The RWI markets have become increasingly keen on writing this business. For a deeper dive into the specifics, please see our blog on The Rise of RWI in Secondary Financing.

Distressed Deals: More Coming

Whether it’s a soft or hard landing, there is likely to be financial turmoil in 2023. As a result, we expect to see more distressed company sales this year.

These are typified by fast speed and light diligence; these sales have been problematic historically. However, there are some new methodologies evolving to utilize RWI. We have seen policies bound that allow for deeper diligence post-close, with bracketed exclusions at the time of signing. We've also seen policies that shy away from the financial aspects but provide coverage for operational issues that are just as likely to cause problems post-close as they are with a profitable business.

Softening Exclusions

We do not expect the COVID or Russia/Ukraine exclusions to disappear, but we continue to see them soften. However, all exclusions are not created equal, and if COVID or the war in Ukraine is part of your transaction concerns, then it is wise to cast a broad net when getting initial quotes. There is a wide disparity between different carriers and their approach to coverage for these concerns.

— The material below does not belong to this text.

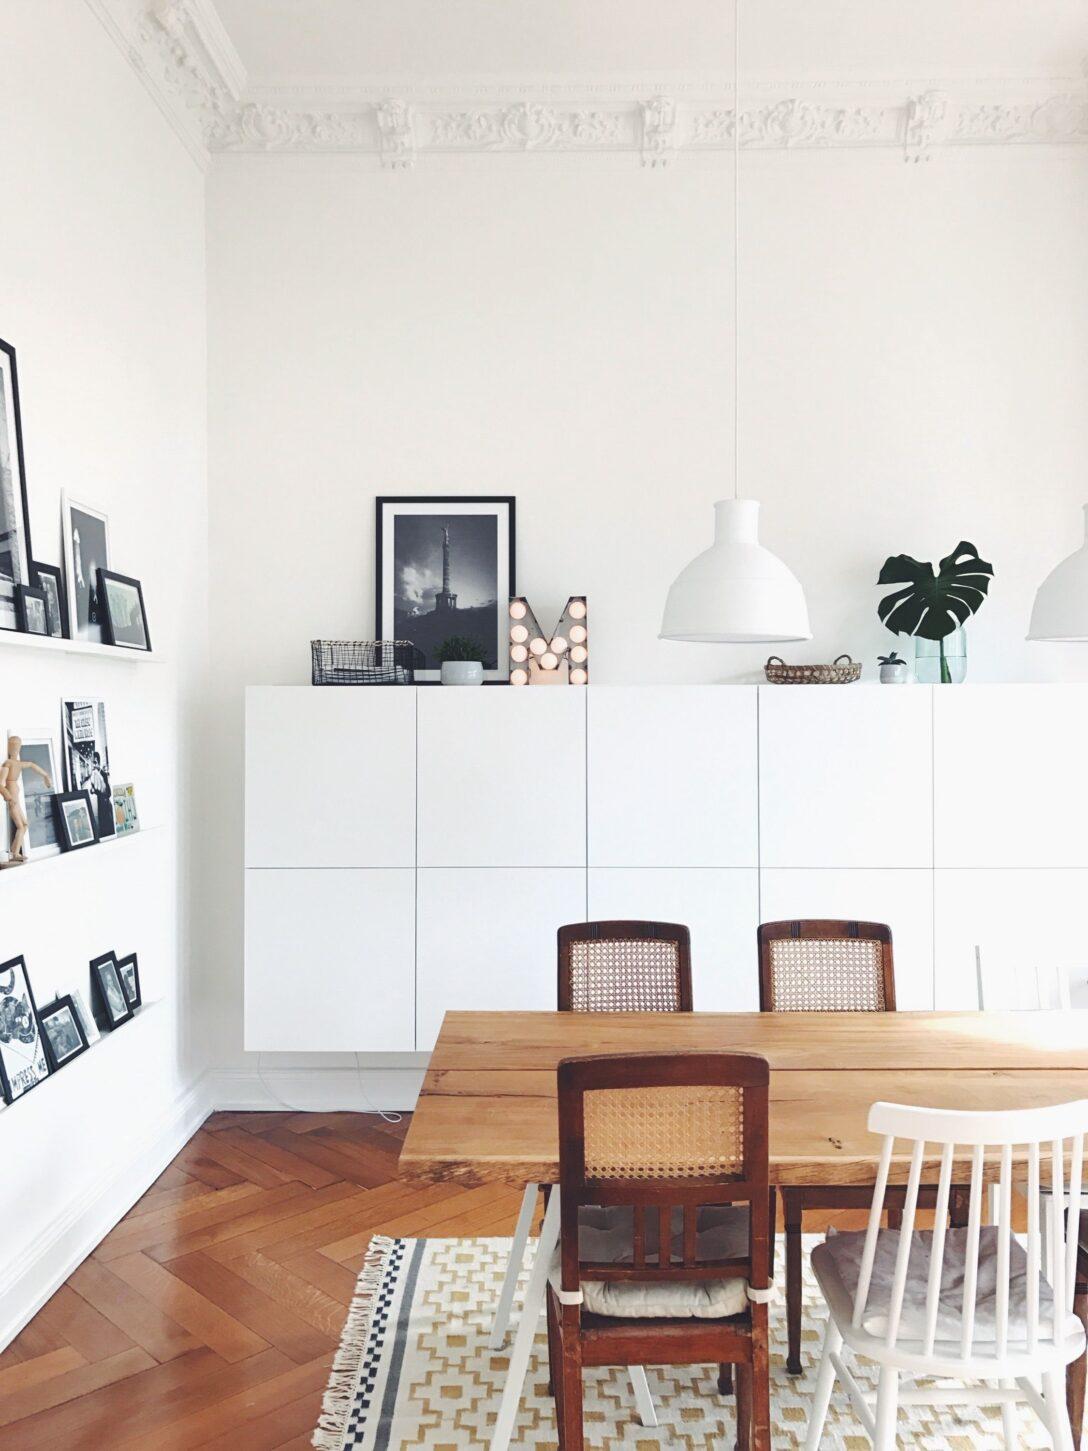 Large Size of Wohnzimmerschränke Ikea Hereinspaziert 10 Neue Wohnungseinblicke Wohnung Esszimmer Modulküche Küche Kaufen Kosten Betten Bei Miniküche Sofa Mit Wohnzimmer Wohnzimmerschränke Ikea

Severability of Fraud: The Push Continues

Last year, we saw several attempts to introduce severability of fraud into RWI subrogation rights. Part of the popularity of RWI comes from its ability to allow the seller a clean exit. Instead of an escrow, the buyer has an insurance policy. Instead of requiring the seller to make the buyer whole in case of a breach by one or more reps, the buyer goes directly to the insurer.

To facilitate maximum value from an RWI policy, insurers waive all rights to subrogate against the seller except in cases of fraud. If that waiver was not offered, the policy would not be of much use because the seller would merely replace one creditor (the buyer) with another (the insurer).

Because insurers can only subrogate for fraud, they are sensitive to changes in the definition of fraud. They understand it is challenging to prove fraud and costly to pursue a seller for fraud, so their right to subrogate is more of a deterrent than a real-world mechanism.

However, despite it being a theoretical risk more than an actual one, sellers’ counsel has been pushing back on the concept and trying to insert the concept of severability of fraud into the definition of fraud.

Here is an example. Let's say $100 million was paid for a company split between four founders. It turned out post-close that the CFO (chief financial officer) had lied about the numbers knowingly, and the company had no actual value. If fraud had severability, the insurer could only pursue the CFO for recompense for his $25 million, even though it had paid out $100 million to the buyer.

The severability of fraud is a common aspect of directors and officers (D&O) policies, but for assorted reasons, we do not see this aspect becoming a standard part of RWI policies. We believe this push will continue and that it will be rebuffed.

Interim Breach Coverage: Not Much Interest

We heard lots of noise last year about the availability or other aspects of interim breach coverage. Despite its greater potential availability, we have not seen take-up from clients. You can read more about this topic in our blog When R&W Insurance Works to Cover Interim Breaches.

As you can see, there will be many moving parts to the economy throughout 2023, which will affect M&A and RWI. At Woodruff Sawyer, we look forward to helping our clients navigate this ever-changing world.